◆ ASSIGNED TASK ◆
Your copy should match the listing below exactly, except that it holds no images.

COLLECTED DATA below:

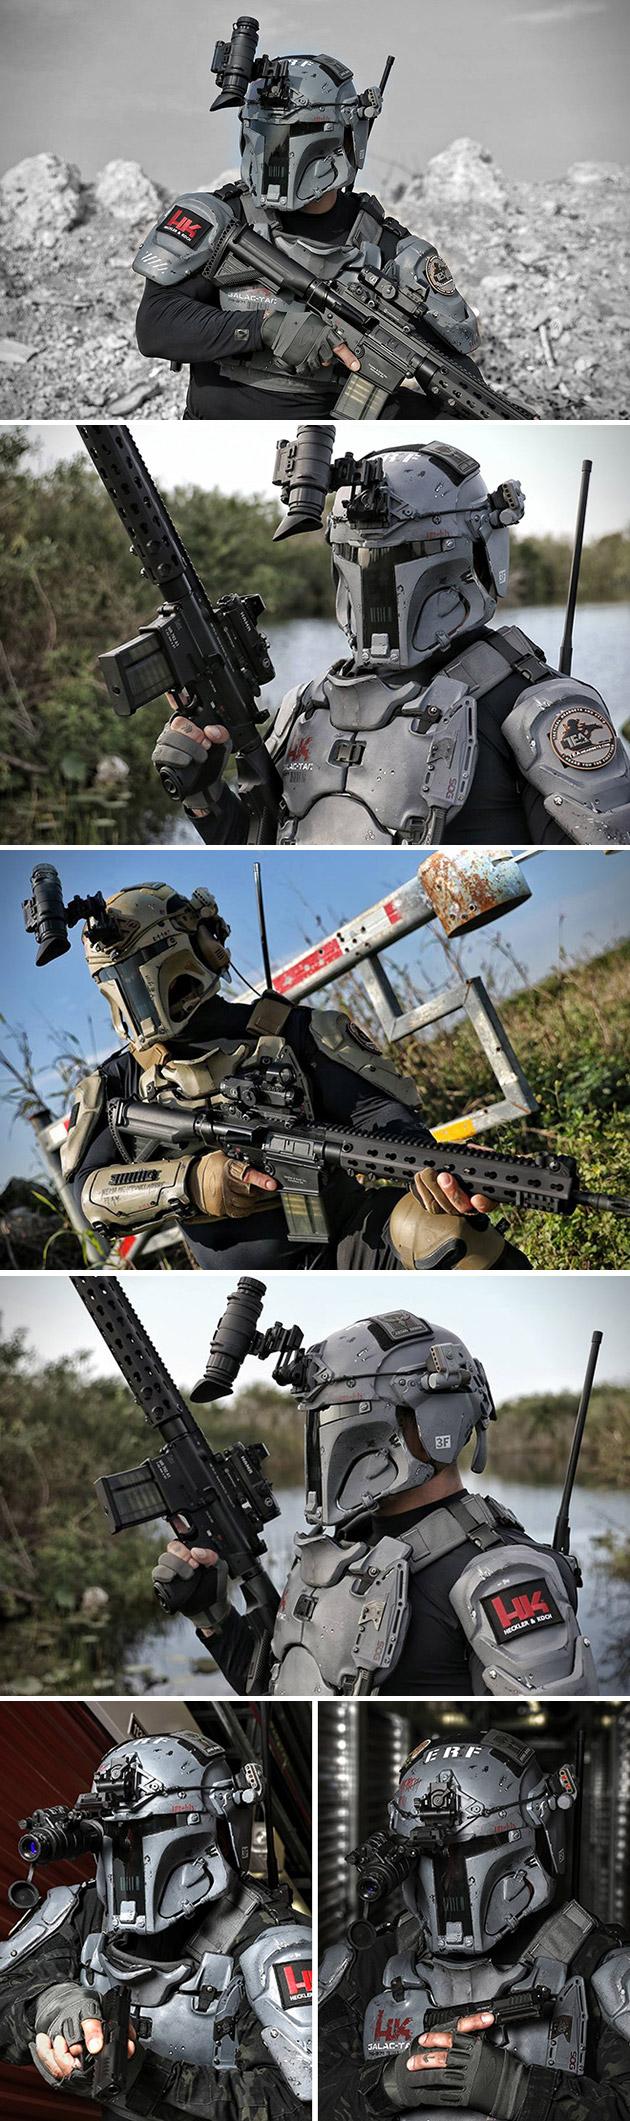 H&K GalacTac Project. Boba-fett-armor
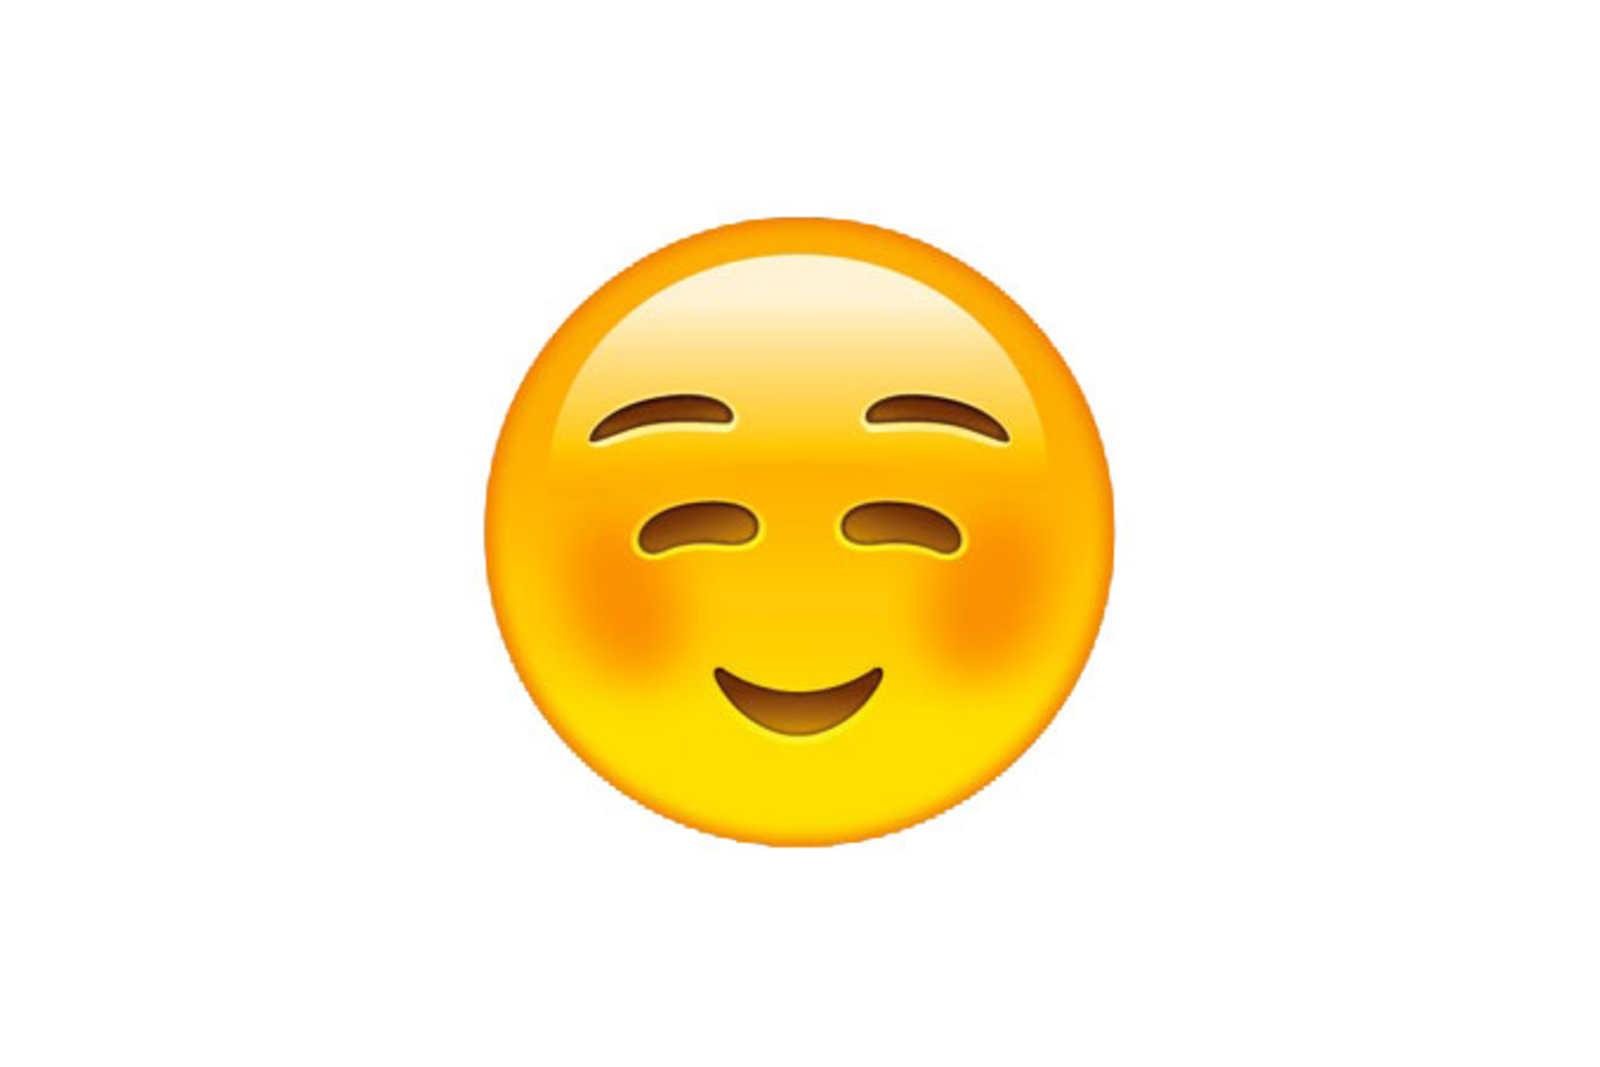 herz smileys whatsapp
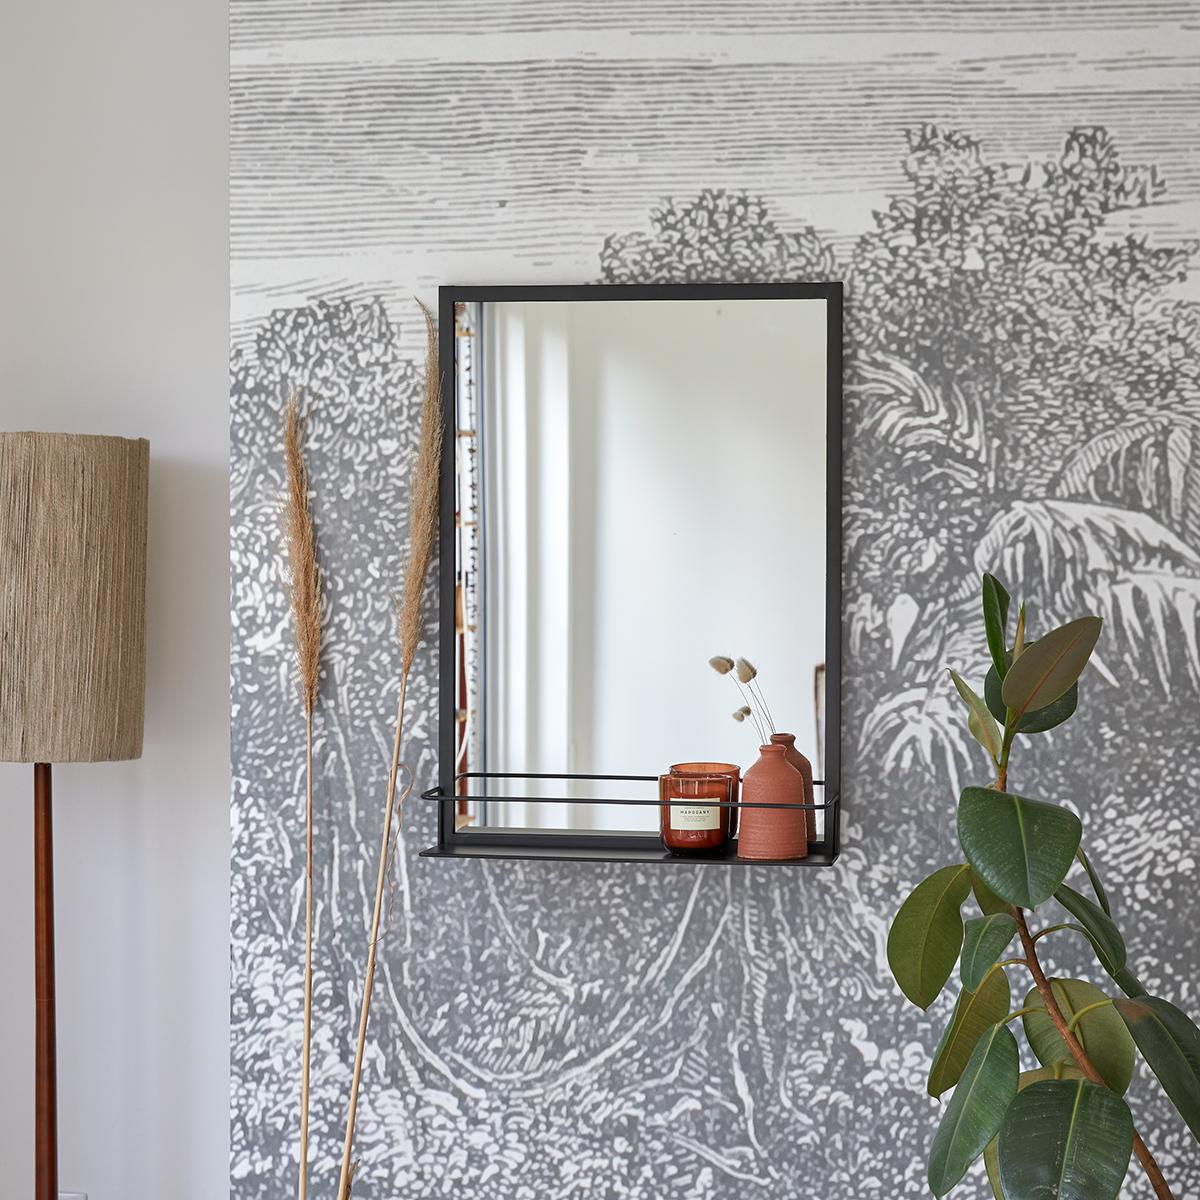 Lison decorative metal mirror 70x50 cm

End of COLLECTED DATA.

◆ RESULT OF THIS TASK ◆
 H&K GalacTac Project. Boba-fett-armor
 herz smileys whatsapp
 Lison decorative metal mirror 70x50 cm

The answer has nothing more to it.